Wilmington, Mass., Mar. 8-9—“I’m done with the cold!” is what you hear this winter from bikers and non-bikers alike. If you are a biker, at least there have been bike shows to create diversions from the polar vortex of 2014! In this area were four shows this season—Boston in January, the Springfield show, one in Salem, New Hampshire, and last, but not least, the Northeast Motorcycle Expo in Wilmington held the second weekend in March.
Wilmington is rather a small show compared to the others, but it was a great way to spend the day or even the weekend. As you walked in you saw the aisles of vendors familiar to every show this season. Motorcycles of Manchester took up a third of the one room with an array of used and new bikes on which to ride off when summer arrives.
Larry Fredella of Old School Choppers pulled out all the stops with 11 bikes to display. He was awarded best of show for his 1983 FLH Harley-Davidson. Not only are his custom builds still going strong, Larry is also starting a clothing line of custom riding apparel. Jackets, T-shirts and fleeces are among the items of clothing available. Jackets are custom-designed with one deeper pocket for your cell phone, for example, and a lining that can zipper out when it is warm. The back of the jacket is longer than the front so cold air stays out. Sleeves are also a little longer to keep them from riding up while hands are gripping the handlebars. Check out www.choppersoldschool.us and see what is available on the website.
Larry was also very proud of his 1981 FLH called “Road Kill,” as it took a year to build. A mousetrap covers the fuses. The igniter creates sparks in the muffler and a flame comes out of the exhaust pipe. The paint is made to look old and all of Larry’s paint jobs are unique, look antique, and he encourages you to touch the bikes and see how the new paint was made to look old and rough!
Larry’s good friend and fellow builder Paul Mirisola was there as well. His antique 1947 H-D WL named “Red Headed Step Child” is an eye catcher. Paul creates his own custom build in a unique way. He takes a 4′ x 8′ sheet of plywood and draws the bike design on paper. Then he makes templates from the design on paper out of cardboard and configures the 3D prototype of the bike.
The people’s choice for first place went to Peter Loosigian for his 1948 Harley-Davidson EL. “Benny’s Bike,” as the ’48 is called, has an interesting story. Benjamin Sayles, known as Benny, bought the bike in 1948 or ’49 at Cycle Haven in Haverhill, Massachusetts. Benny traveled with the bike to Niagara Falls, the Smithsonian, into the Deep South and even out west to Hollywood. While in Hollywood, Benny ran into the actor Humphrey Bogart who bought him a doughnut! For all of you that didn’t know, Humphrey Bogart went to school at Phillips Academy in Andover.

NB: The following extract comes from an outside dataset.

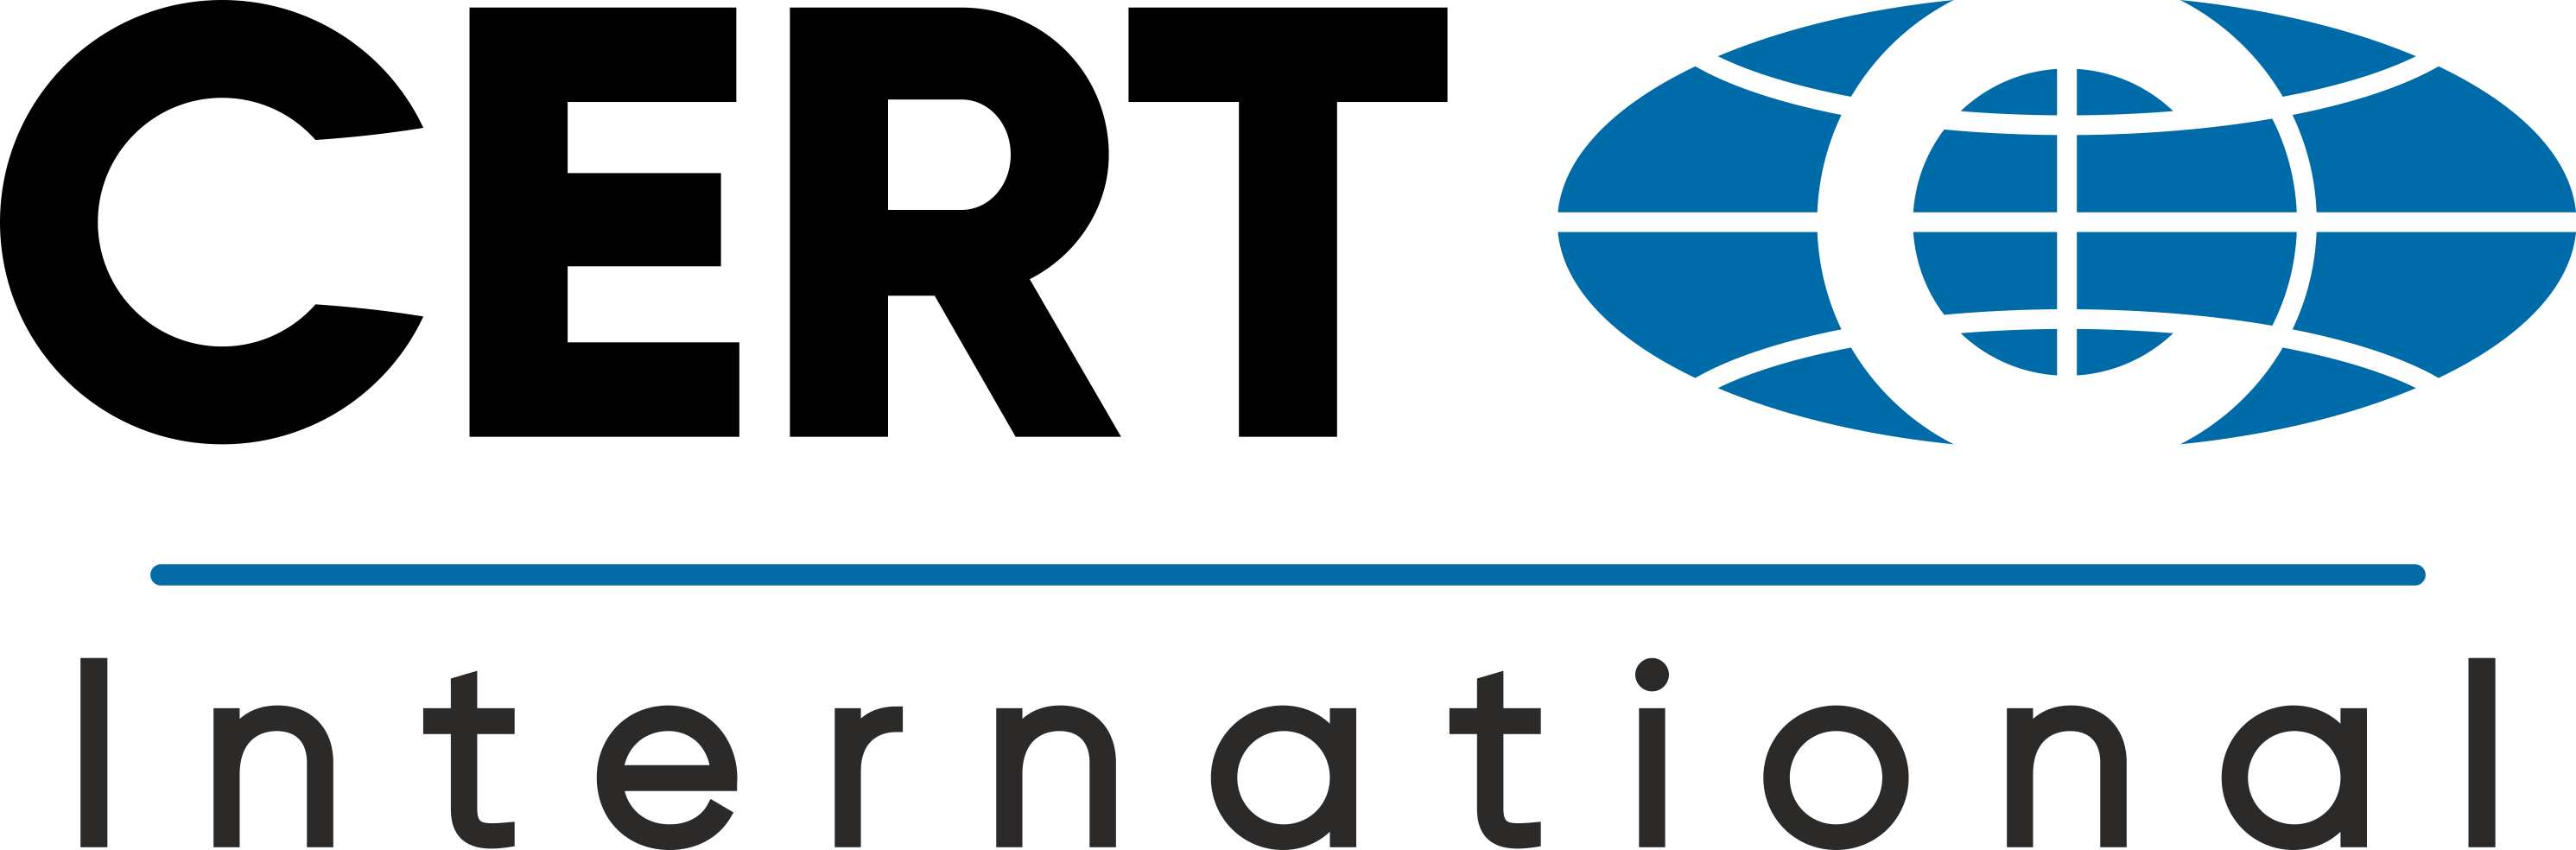 Международный сертификационный центр "Cert International" — Сертификация в России, Украине, Республике Беларусь, Казахстане, Узбекистане, Киргизии и Таджикистане

Benny rode up until 1975 when advanced age stopped him from riding and the bike was then stored in the garage for 28 years. As Peter grew up, he watched Benny travel the roads of Andover. Every time he saw Benny he would ask him if he could buy the bike, but Benny was resistant. Finally, when he was quite ill, Peter went to see him and Benny sold him the bike.
Peter has restored the bike in red, though the unrestored color was blue. There are some interesting facts about the Panhead: 1948 was the first year of production, and 4,321 ELs were built in Milwaukee.

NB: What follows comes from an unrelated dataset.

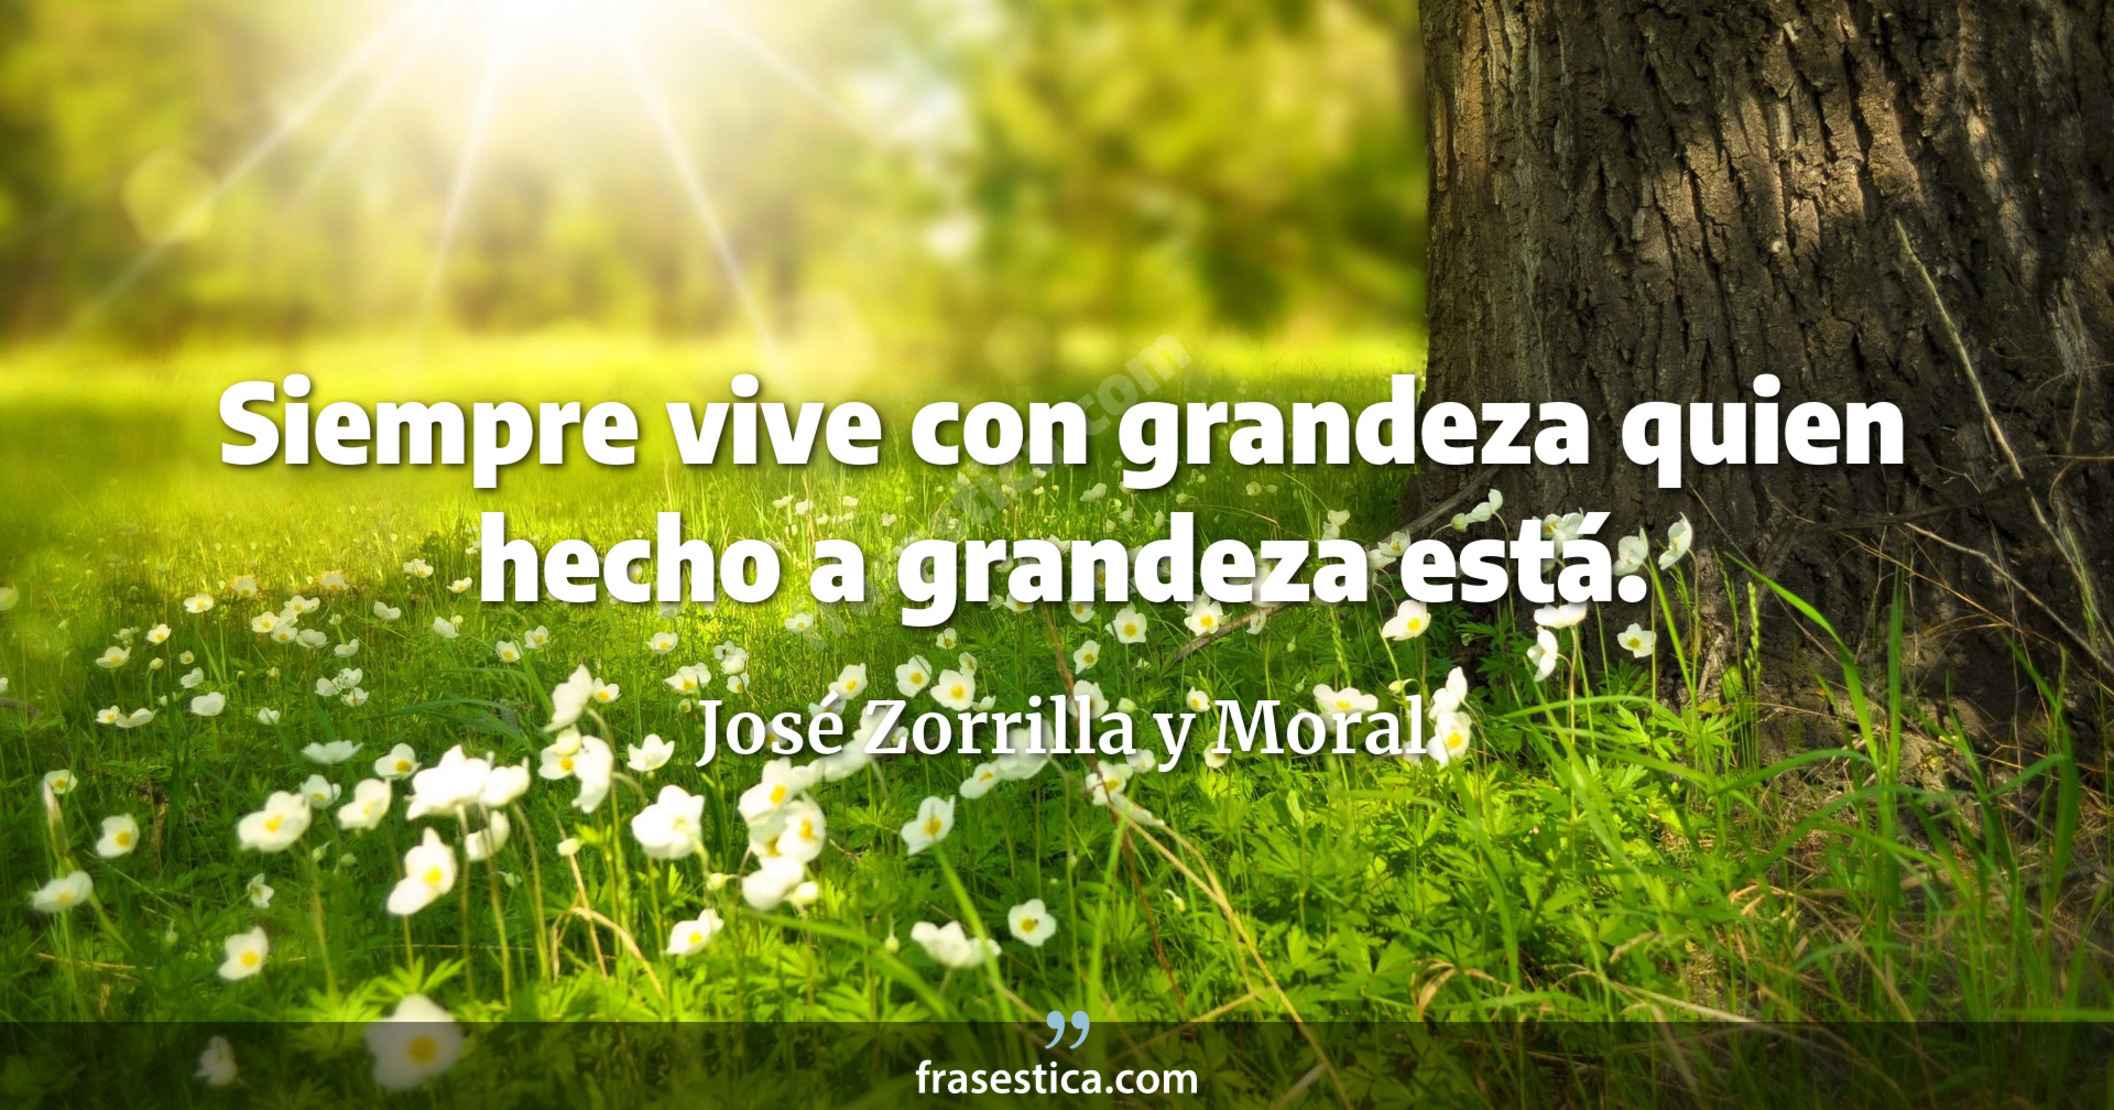 Siempre vive con grandeza quien hecho a grandeza está. - José Zorrilla y Moral

Peter talks so lovingly about the bike and the memory of Benny. The bike is a part of his life as much as it was the original owner’s. Benny was known to ride the bike in Andover, park it and stand with one foot on the fire hydrant. Peter keeps that image in his mind and rides it over the same roads that Benny rode before putting flowers at Benny’s resting place.
You can just feel this story, and obviously the people who attended the show did too because they voted it the winner!
From each of the two halls the band music played on. Wagner Motorsports of Massachusetts employed the Pit Girls to promote their Indian Motorcycles. The Pit Girls are models and spokeswomen available to staff your event, help with fundraising, product endorsement and just meet-and-greet responsibilities. The company has also raised more than $650,000 for the Make-A-Wish Foundation and the Brain Aneurysm Foundation, as well as other cancer and charitable foundations. But these girls are not just beautiful; they are willing to break a nail for the cause, which can include getting muddy, dirty or greasy. Check out www.thepitgirls.com to learn more.
The Wilmington Expo was the last of the bike shows and now we just have to make it through the last couple of storms till spring rounds the bend and we can ride again.